Task statement:
In the copy, keep every word of the data below and none of its pictures.

Collected data:
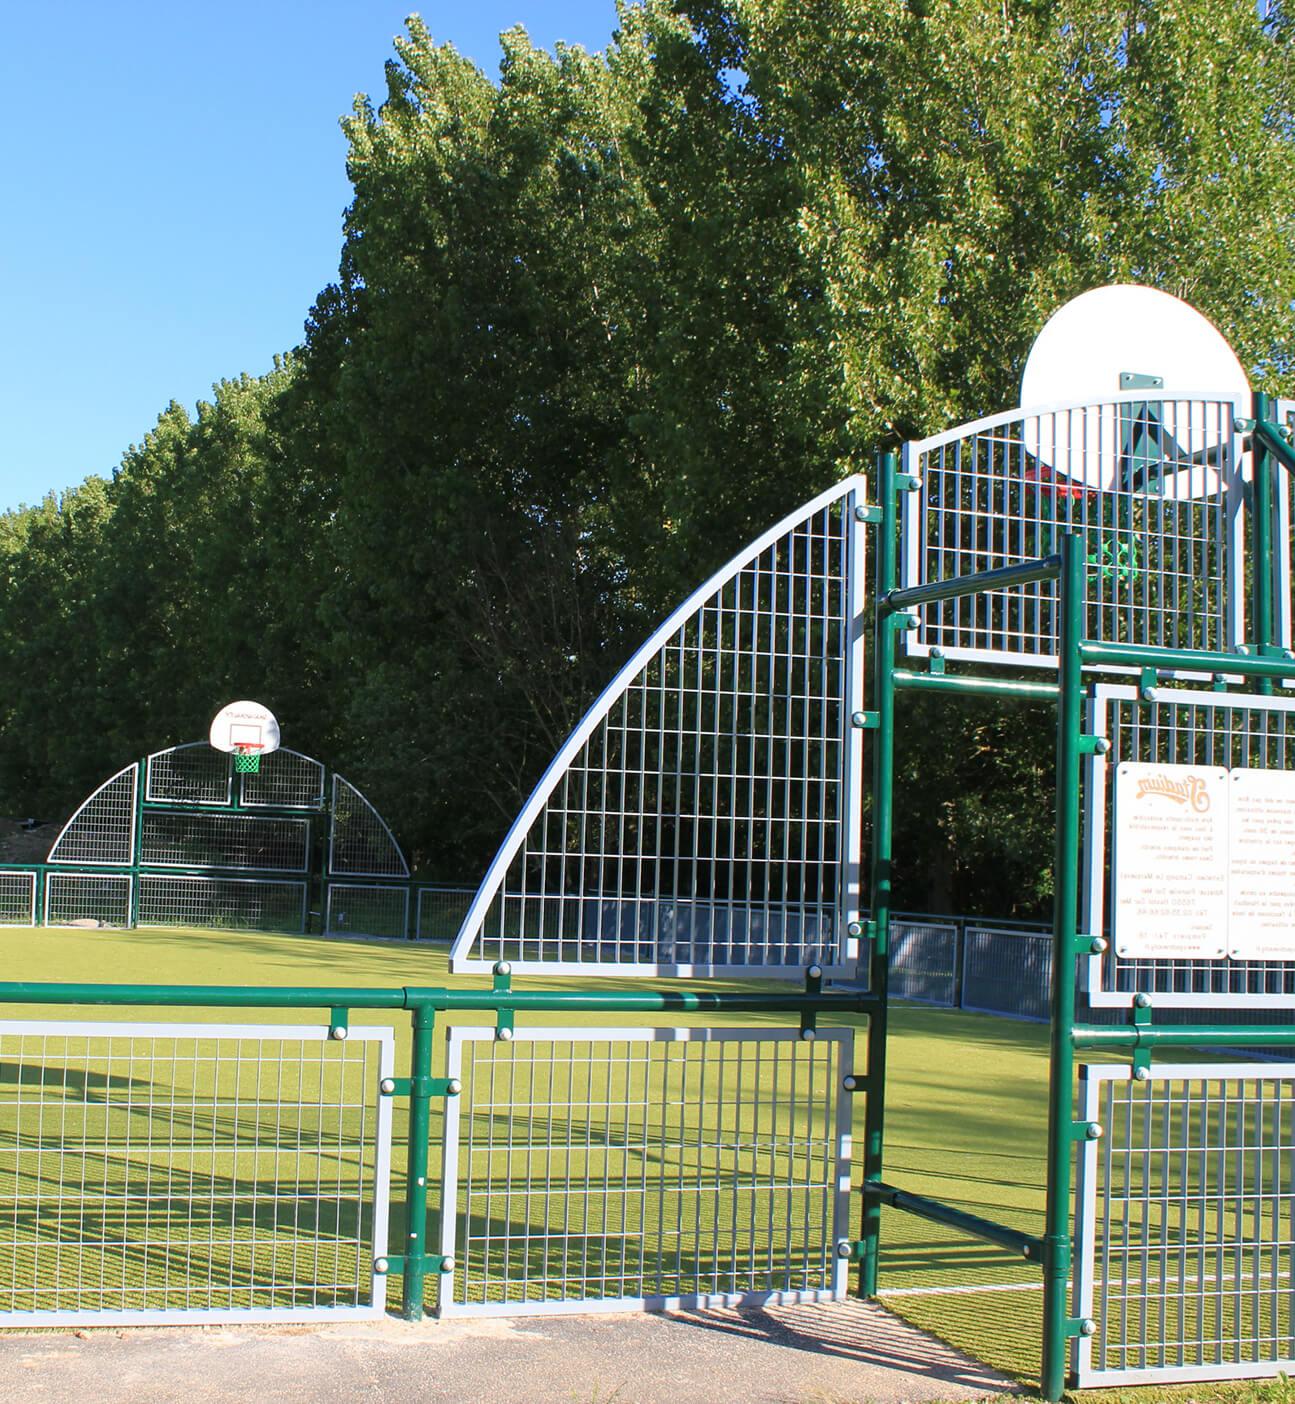 Le Marqueval 05 - Stade multisport
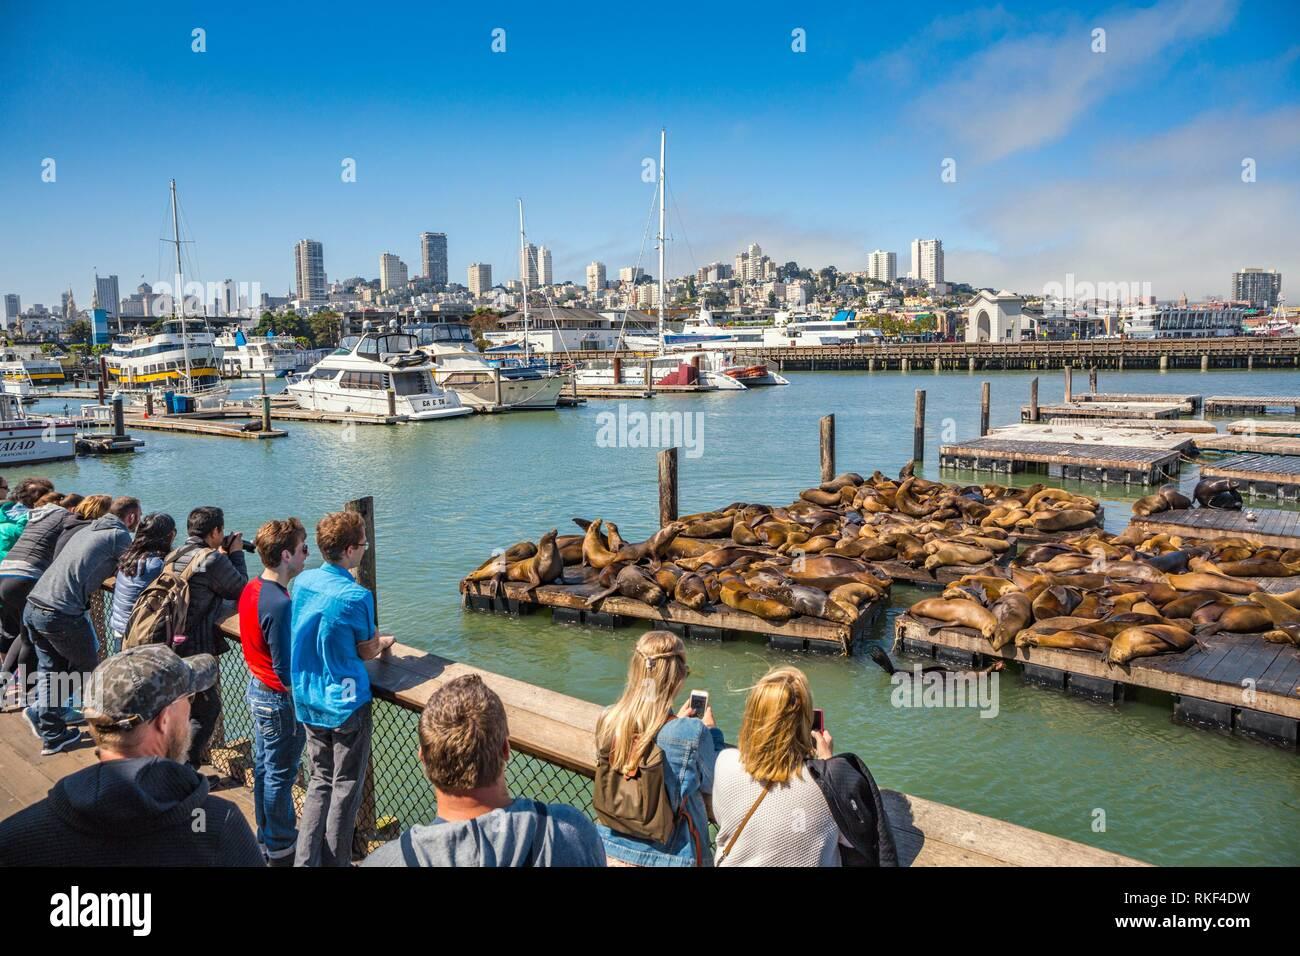 Sea lion colony sunbathing. Pier 39. Fisherman Wharf neighborhood. San Francisco. California, USA - Stock Image
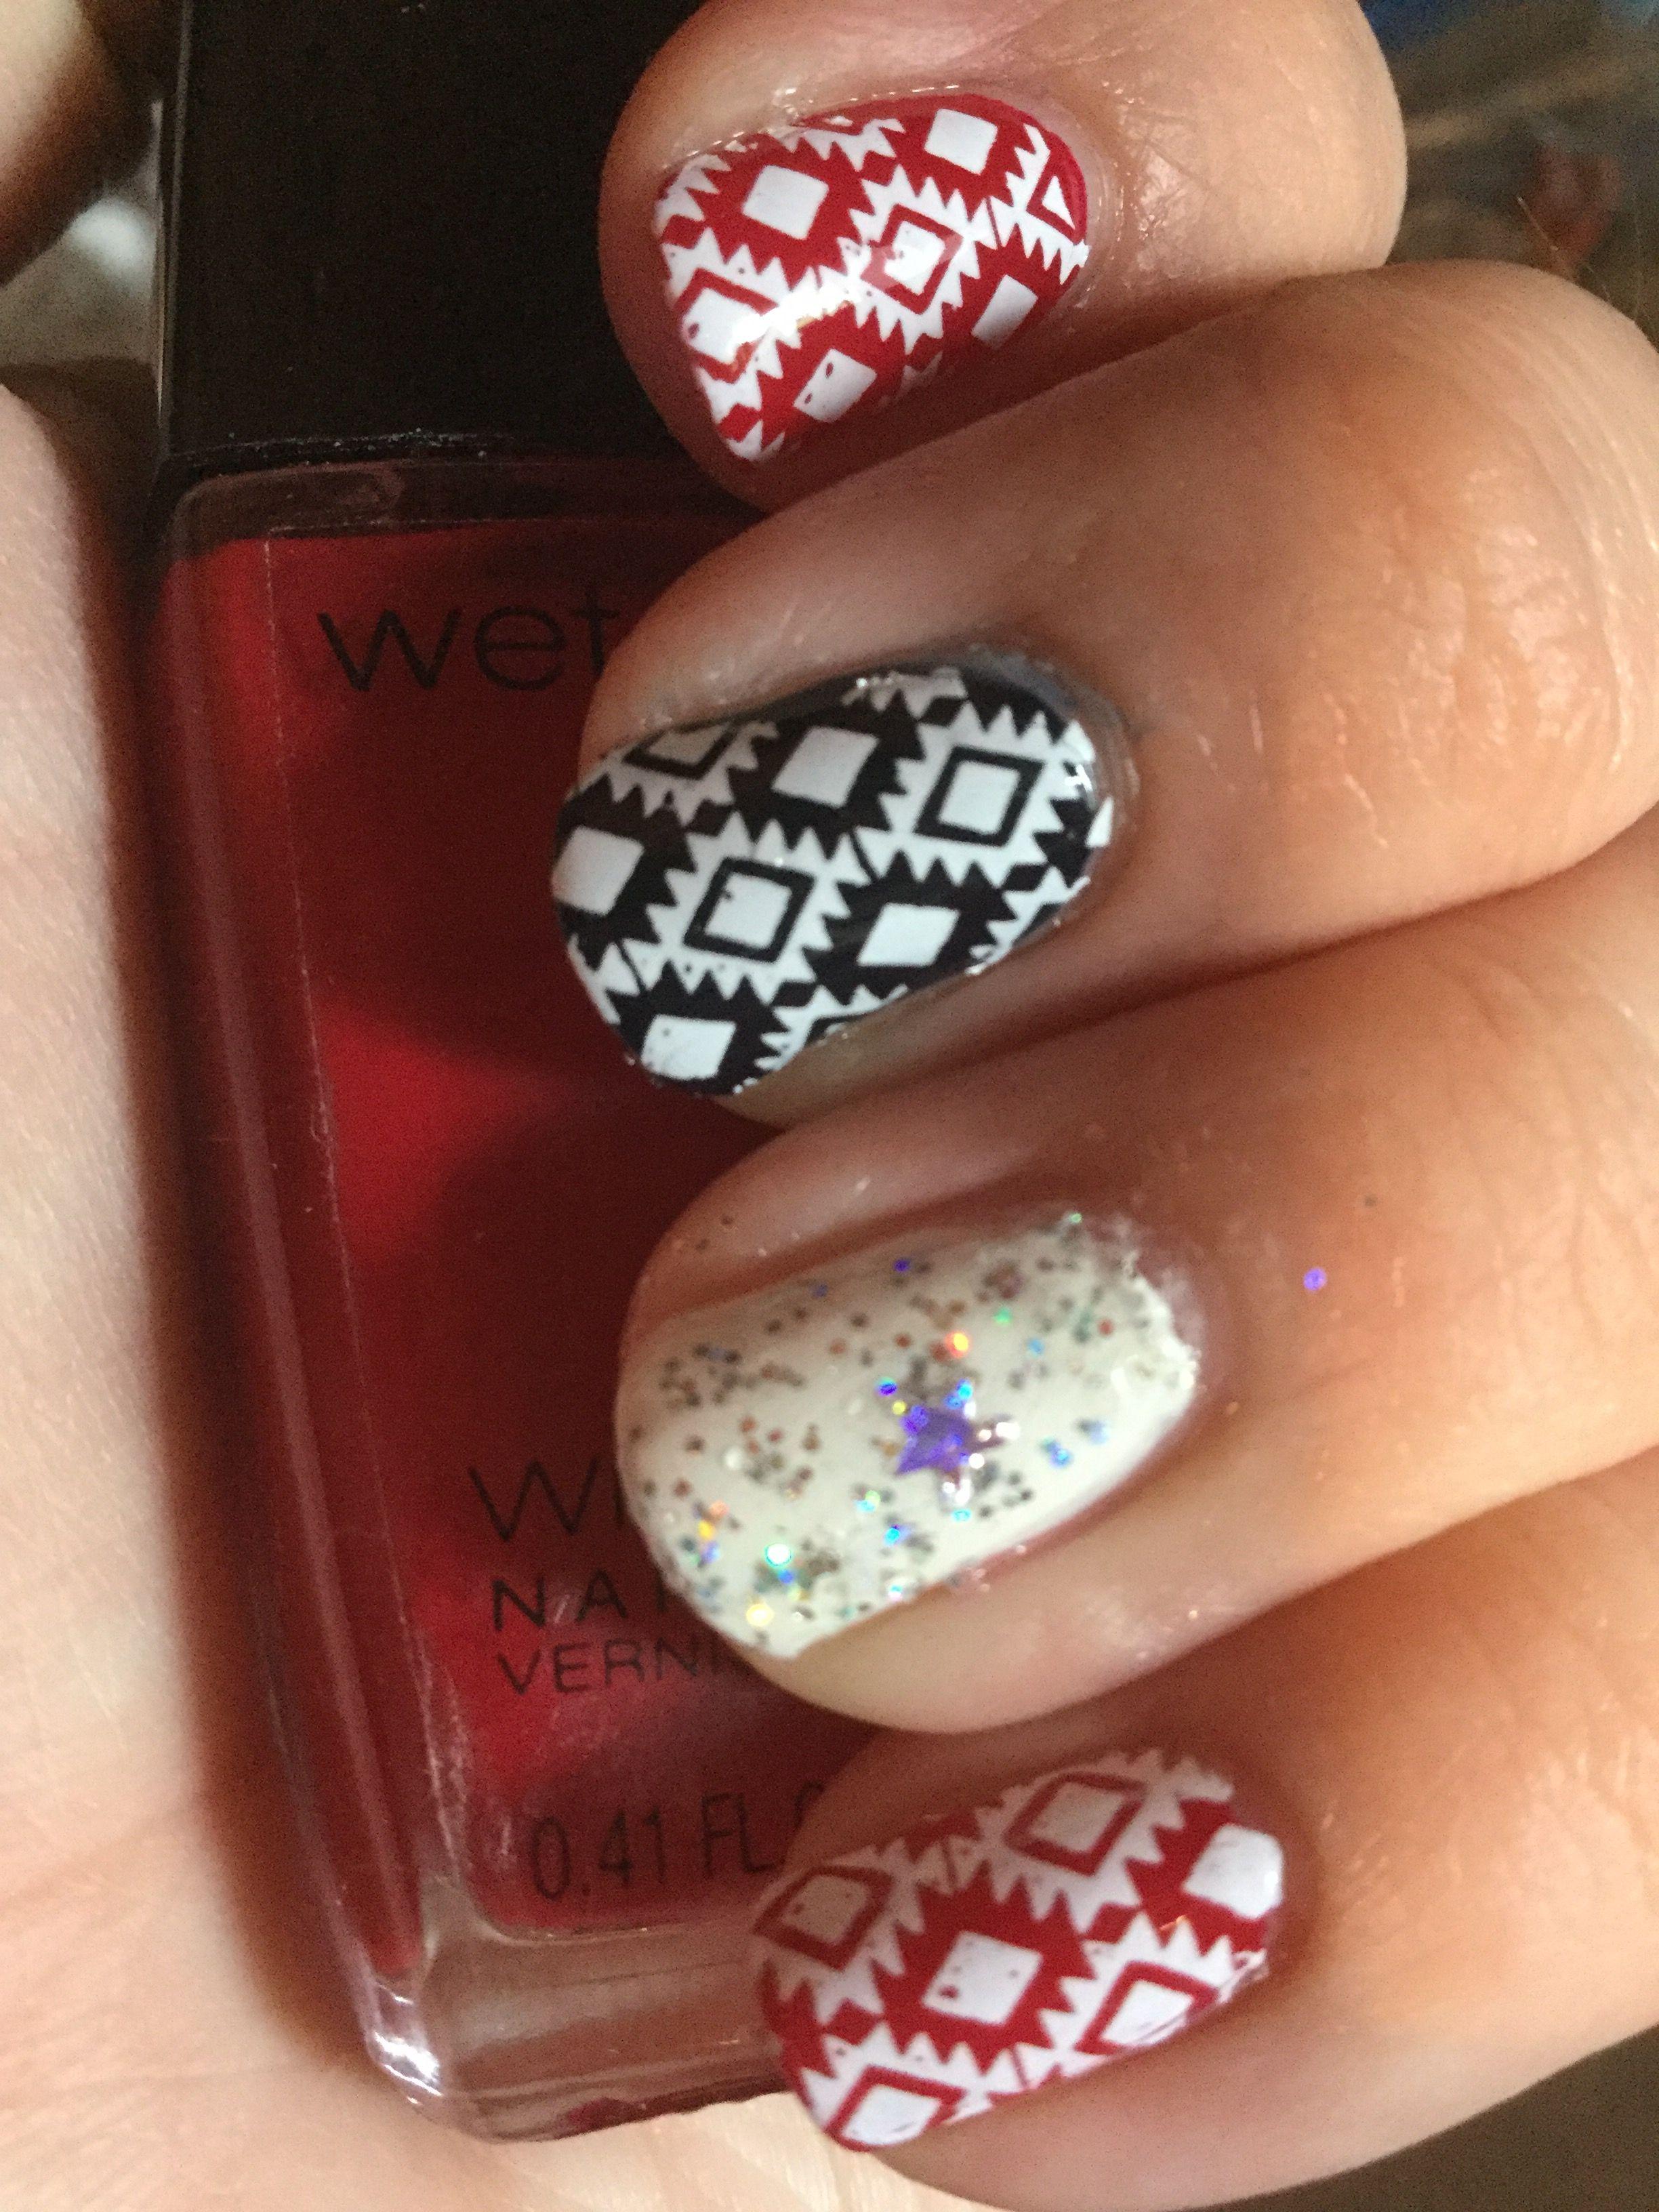 Red, white, navy nails #wetnwild #sallyhansen #bundlemonster | Nails ...

Output of the task:
 Le Marqueval 05 - Stade multisport
 Sea lion colony sunbathing. Pier 39. Fisherman Wharf neighborhood. San Francisco. California, USA - Stock Image
 Red, white, navy nails #wetnwild #sallyhansen #bundlemonster | Nails ...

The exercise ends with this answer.